An equivalent behaviour on a modified 6809 would be if changing the Direct Page register also changed D, X, Y, U and S - i.e. changing DP changes all but PC and condition code registers in the 6809.

Juggling software interrupts and realtime tasks

Posted Dec 21, 2022 16:54 UTC (Wed) by excors (subscriber, #95769) [Link]

> Interrupt priority levels aren't supported in x86??

I'm not an expert but after reading a bit, I think it's roughly:

They are supported by the hardware, but Linux doesn't make much use of them.

On x86-64, there is TPR (task-priority register; writeable) and PPR (processor-priority register; read-only; basically the max of TPR and the currently-active interrupt's priority). An interrupt's 8-bit vector number is used as its priority. The top 4 bits are the priority class. The CPU will only handle an interrupt with a priority class higher than PPR. That means an interrupt can only be preempted by one of higher priority than itself, and TPR can be used to mask all interrupts up to a given priority (e.g. a kernel critical section can disable most interrupts, but still allow preemption by the highest-priority ones to meet certain real-time requirements).

As far as I can tell, x86-64 made TPR more easily accessible (through the CR8 register) but the basic functionality is the same as any x86 since Pentium (specifically ones with APIC).

When an interrupt occurs, the CPU will push EIP/EFLAGS/etc to the stack and clear the IF flag (to disable all interrupts) before running the handler. The handler obviously needs to preserve any other registers on the stack before clobbering them. The handler may do some work and then choose to set IF, to allow itself to be preempted by a higher-priority interrupt. Or it may choose not to. It sounds like Linux used to support nested interrupts but removed it in 2010, because of the complexity of preventing stack overflows: https://lwn.net/Articles/380931/ . (...except the posts in that article make it sound like interrupts on the same vector can nest, and I thought PPR would prevent that? I'm probably confused about something.)

For comparison, I think ARMv7-A/ARMv8-A are similar to x86, except the CPU does not push anything onto the stack - it just copies PC and status register (CPSR/PSTATE) into some special registers. The handler must preserve those on the stack before allowing preemption.

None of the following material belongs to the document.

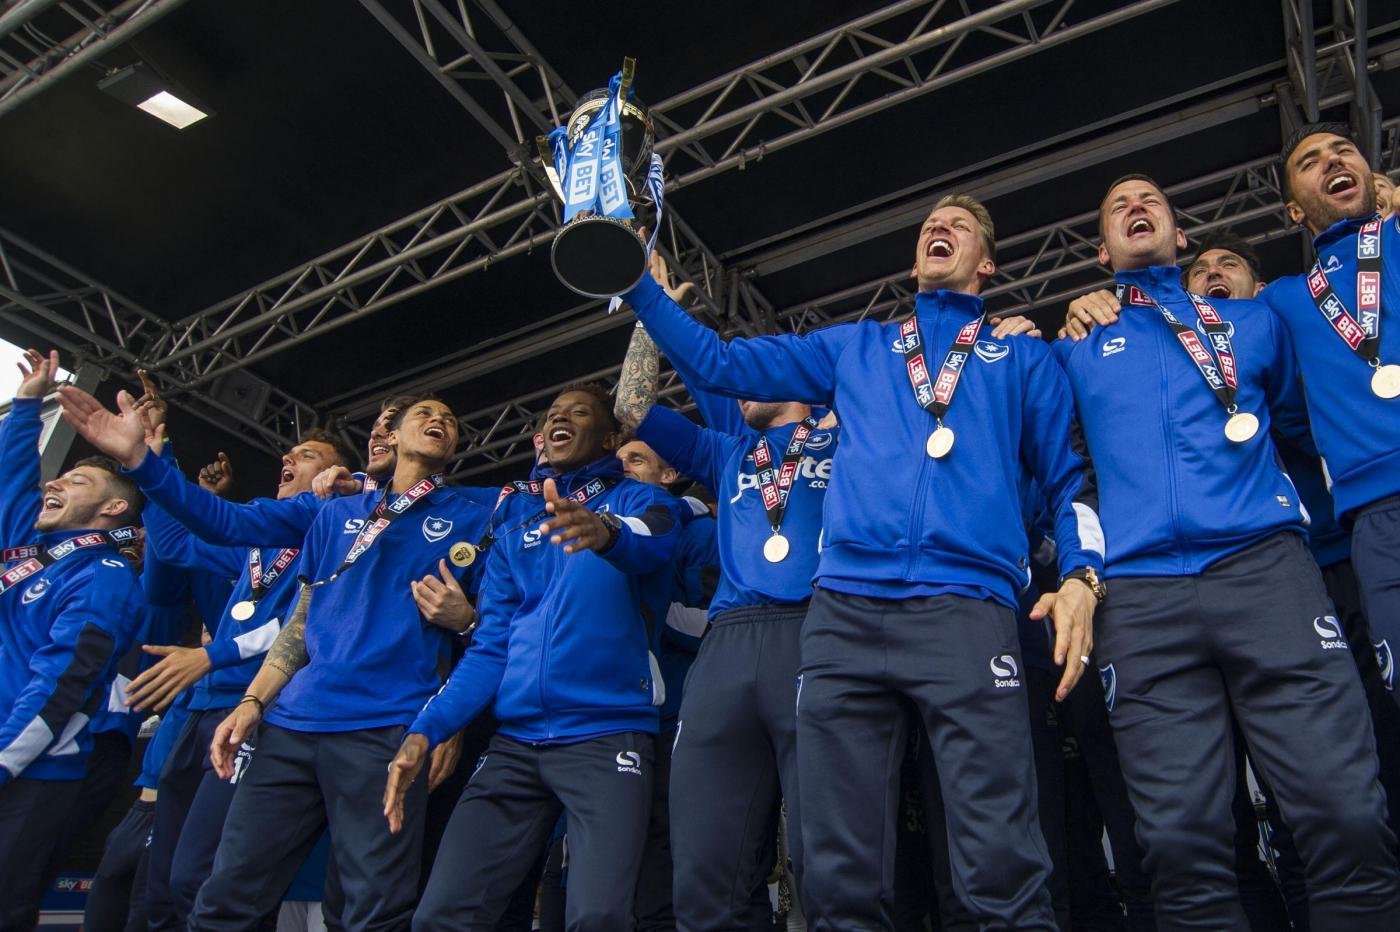 Portsmouth-Oxford Utd 25 marzo, analisi e pronostico

ARMv6/7/8-M are different: they don't disable interrupts before running the handler, so all handlers are preemptible by default. The CPU pushes several registers onto the stack on exception entry, and it can even be preempted in the middle of that entry sequence. That allows lower-latency handling of high-priority interrupts.

Juggling software interrupts and realtime tasks

Posted Dec 9, 2022 1:09 UTC (Fri) by opalmirror (subscriber, #23465) [Link]

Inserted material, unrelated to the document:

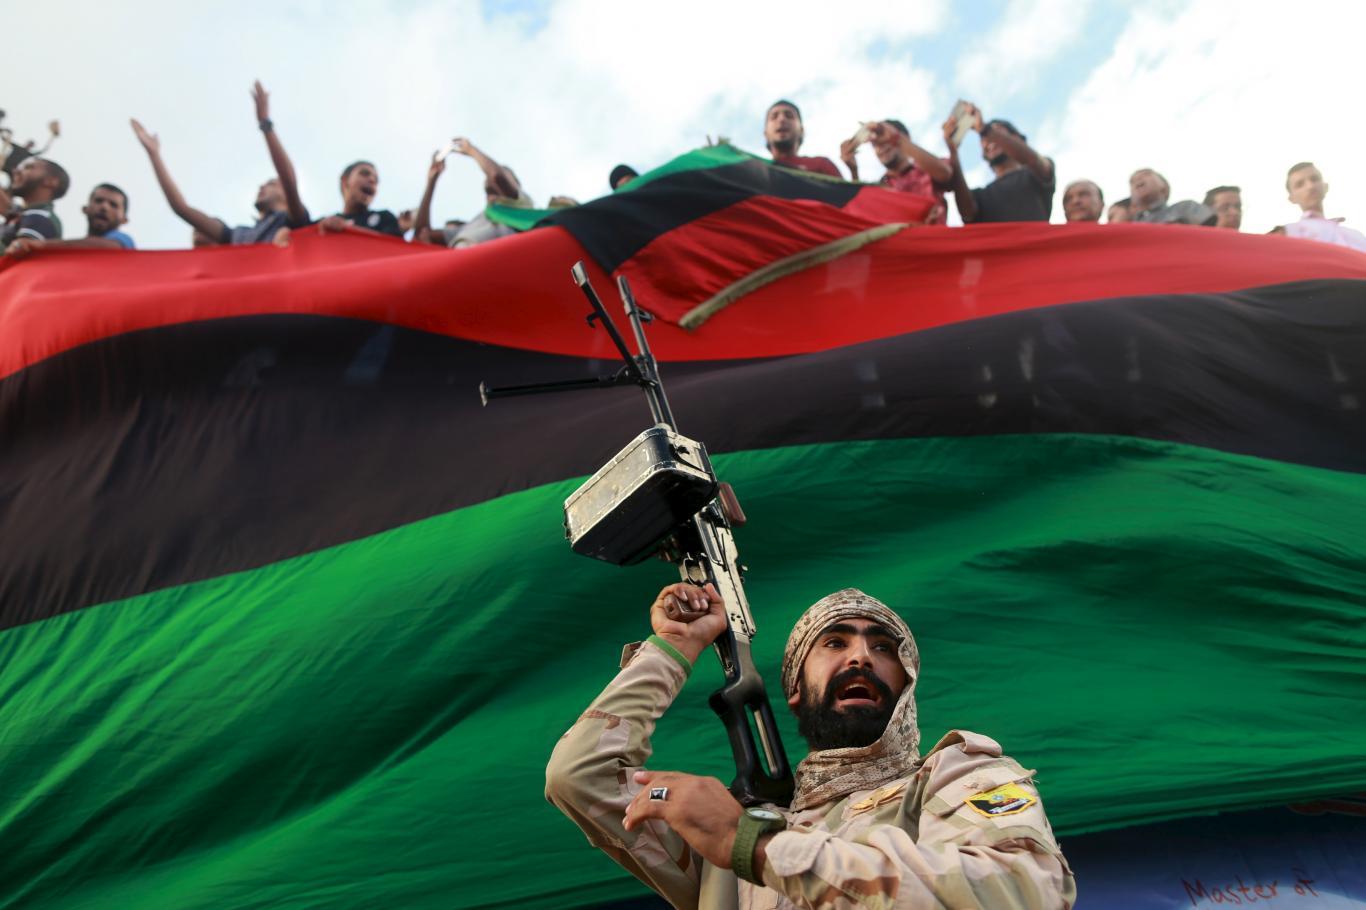 Guerra in Libia tra strade e display: la battaglia che si combatte anche (e soprattutto) su Facebook

Takes me back. My first post-college job in the late 1980s was helping port V7 UNIX (designed to run on a 68000 board with a segment MMU) to a 68010 (with support for restarting instructions on bus errors - so that sbrk() and brk() could be handled automatically and gracefully without special coordination with the C compiler). We ended up having some complex scheduling and input needs so we ported in bits of BSD into it including a bespoke implementation of select(), the full BSD socket API and network stack. I suppose we should have just tried porting BSD in the first place. It was lots of fun though. Not any hard real-time tasks for that project, but it controlled devices that were hard real-time in hardware.